BT's Meridian Switch uses LJU pins 3 and 4, so a 'Digital' adapter needs to be wired such that LJU pins 3 and 4 are wired to
RJ45 pins 5 and 4, thus allowing 110 patching on the blue pair.
There are digital telephone systems that use LJU pins 2 and 5 and in such cases a standard Secondary LJU-RJ45 adapter is fine
for the job.
Domestic and small office telephones are connected to the PSTN CO switch via a pair of wires called
the Local Loop. The signalling used in this situation is called Loop-Start and
Loop-Disconnect Signalling. Loop-Start is the most common form of signalling in the analogue
environment and it provides the following services:
- Public Telephone Service (PTS)
- Manual or Automatic data service
- Message Telecommunications Service (MTS)
- Attendant call service on a manual PBX.
- One-way incoming service to an attendant or Automatic Call Distribution (ACD) service
One wire of the local loop is called the Tip which is connected to ground.
and the other wire is called Ring which is connected to the negative side of the
48v DC Battery. Picking up the telephone handset takes it Off Hook and makes a
connection on these wires thereby allowing current to flow. The switch sends a dial tone to the
receiver of the phone that has gone off hook, thereby informing the caller that the switch is ready
to receive dial digits. The digits are either sent via pulses or via DTMF dial tones.
The bell is always connected to the
switch however a capacitor prevents the DC current flow from the battery in the switch.
When dialling occurs the remote end is notified by the AC ringing voltage applied at between
20 - 47Hz (The traditional operation of the telephone was described earlier).
One problem associated with Loop-Start Signalling, particularly where there are a large number of
calls, is that you can experience a situation where the trunk is seized from both ends at the same
time so that you end up with someone already at the other end. This is called Glare.

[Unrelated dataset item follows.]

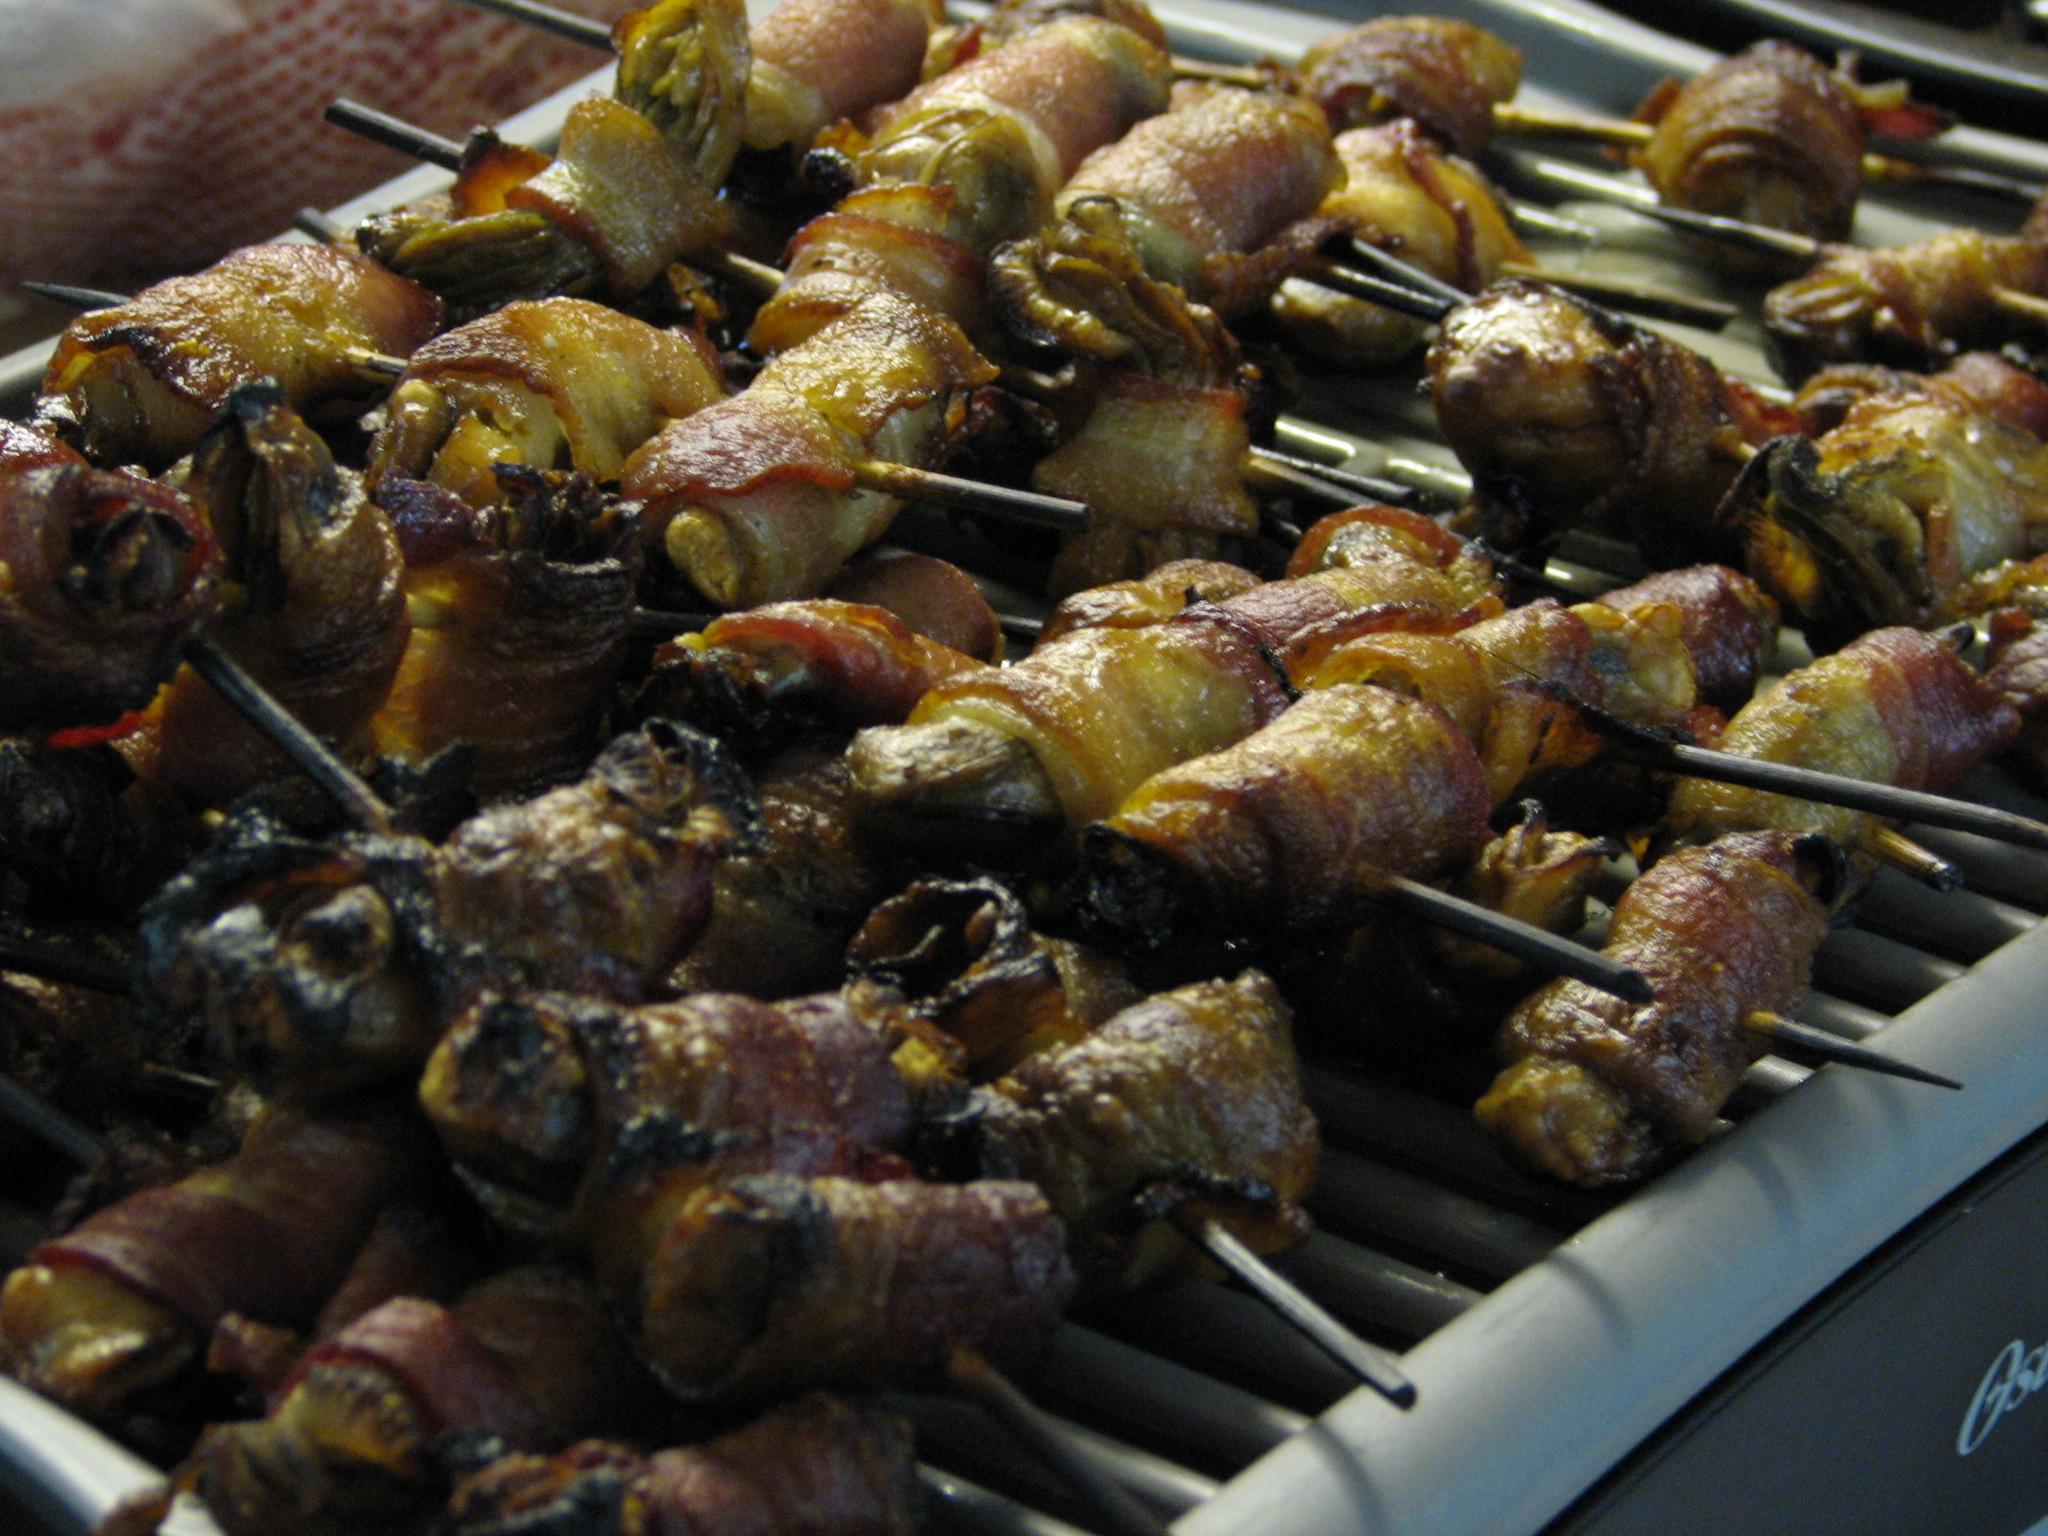 there is many skewers of food on a rack

This is due to a lack of recognition for the time interval between the seizure of a trunk at one
end and the subsequent making busy the trunk at the other. Originally, a method where the user had
to wait for a long timeout (up to 40 seconds) was used. After the timeout a particular tone would
be heard which encouraged the user to replace the handset and try again.
Ground-Start Signalling (also called 'Earth Start') is a modified form of Loop-Start Signalling
whereby there is current detection at both ends which is used to request and then confirm that the trunk
is available before it is seized. When a local PBX seizes the trunk it grounds one of the wires which
informs the other end. This limits the possibility of glare at least outside of 100ms. Electronic
switches can detect glare by timing the wink start or delay-dial signal, maybe even switching the
call to another trunk.
The ground-start line conductors transmit common battery loop supervision, loop dial pulses/DTMF dial
tones, alerts and the voice signal. The lines can send a 'Start to Dial' signal rather than wait for
a dial tone, they can send a message indicating a new call and they can detect call disconnects and
When in the Idle state, the phone has an open circuit Tip (T) to Ring (R).

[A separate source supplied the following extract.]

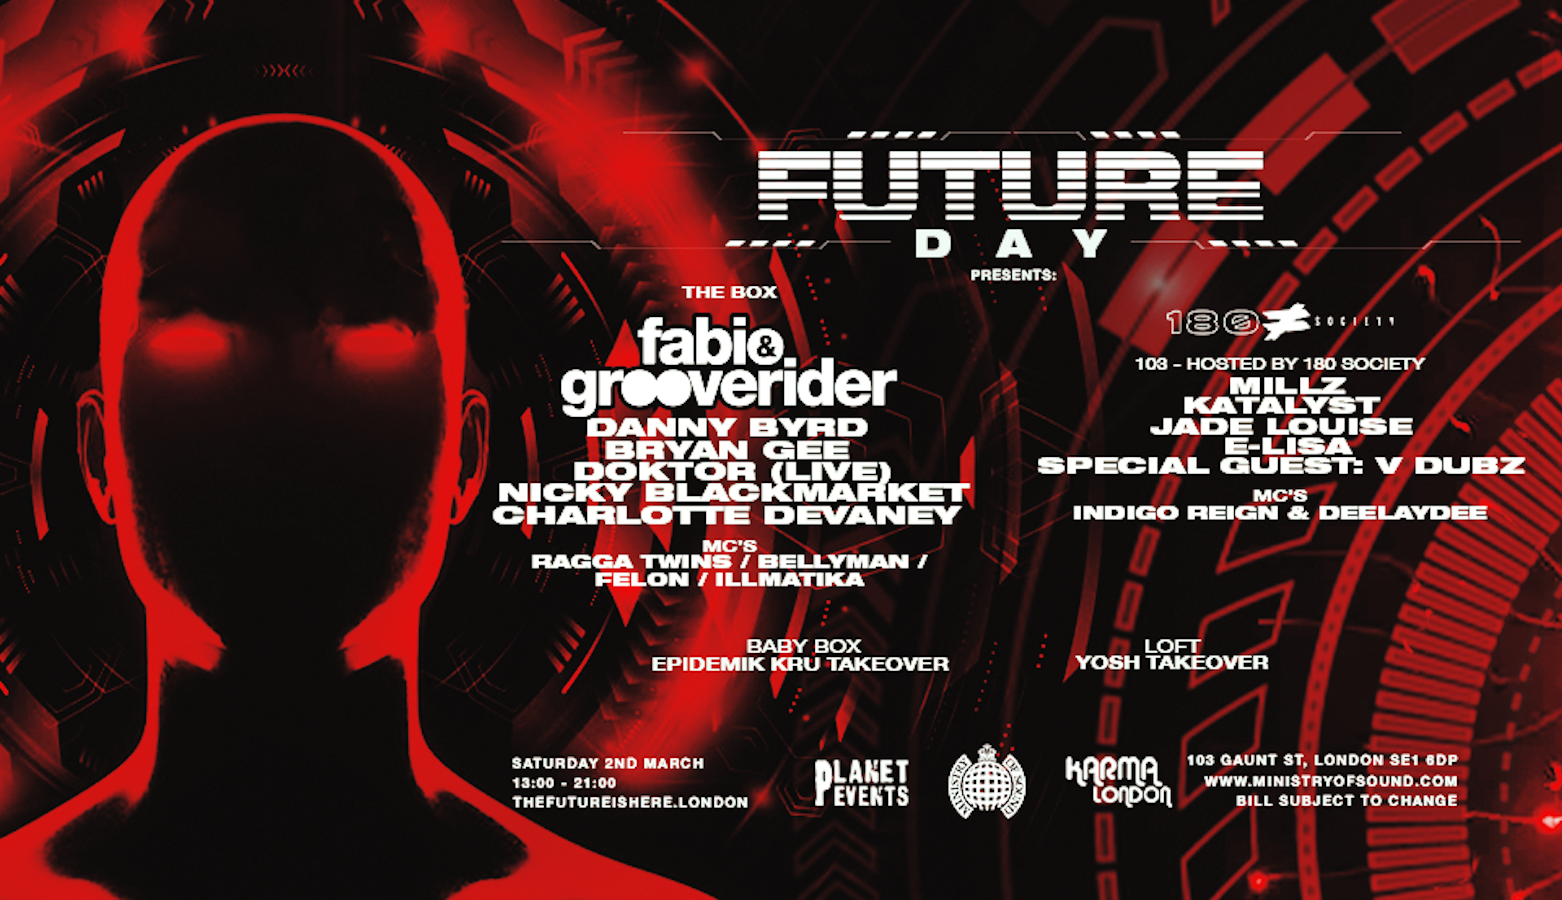 Ministry of Sound present: FUTURE DAY PARTY  ft FABIO & GROOVERIDER, DOKTOR + MORE  🔊

The phone also has a 10-20,000 ohm Ground Detector that links it to ground and detects an
Off-hook from the network.
When in Call Initiated state, the phone closes contact S which causes current to flow
on the Ring side. The Network sees this and responds by closing contact N. This results
in the Tip being grounded and the Ground Detector in the phone sees this.
If the Network makes the disconnection by opening N and removing ground from the Tip,
then the current stops flowing. The phone waits 350ms to determine that this is an actual
disconnect as opposed to an Open Switching Interval (OSI). If the phone makes the
disconnection, then it opens the loop so that the line appears busy until the network
removes ground from the tip and the line can return to Idle. An OSI is where both Ground
and Battery are removed for a maximum period of 350ms in between state changes. There are never
less than 100ms between OSIs.
MF 4 and MF 5 are used on tie trunks between PBXs and use multi-frequency tones on the
same wires as the voice signal.
Signalling System Direct Current (SSDC)
'On/Off' DC current signalling used on the voice pair between switches within a city.
Signalling System Alternating Current (SSAC)
Tone signalling used on the voice pair between switches located in different cities.
Rather than use DC, AC-15 uses Alternating Current (hence AC) for signalling and is mainly used in the UK.
'Idle' is indicated by the frequency tone
2280Hz. Turning this frequency on and off can be used for the signalling or DTMF can be used. AC-15 can run
to almost anywhere, DC versions such as DC-5 and DC-10 have a limit of 10km. There are different versions of AC-15, A, B, C and D.
Because AC-15 uses tones and AC voltage, if you are to communicate with a switch that uses E&M, FXS or FXO, you will require
a converter box.
Wink Start Supervision Signalling
Wink Start is used for E&M trunk seizure and goes through the following steps:
- The trunk ends signal On-hook to both ends when idle.
- The caller goes Off-hook
- The calling switch activates the M-lead.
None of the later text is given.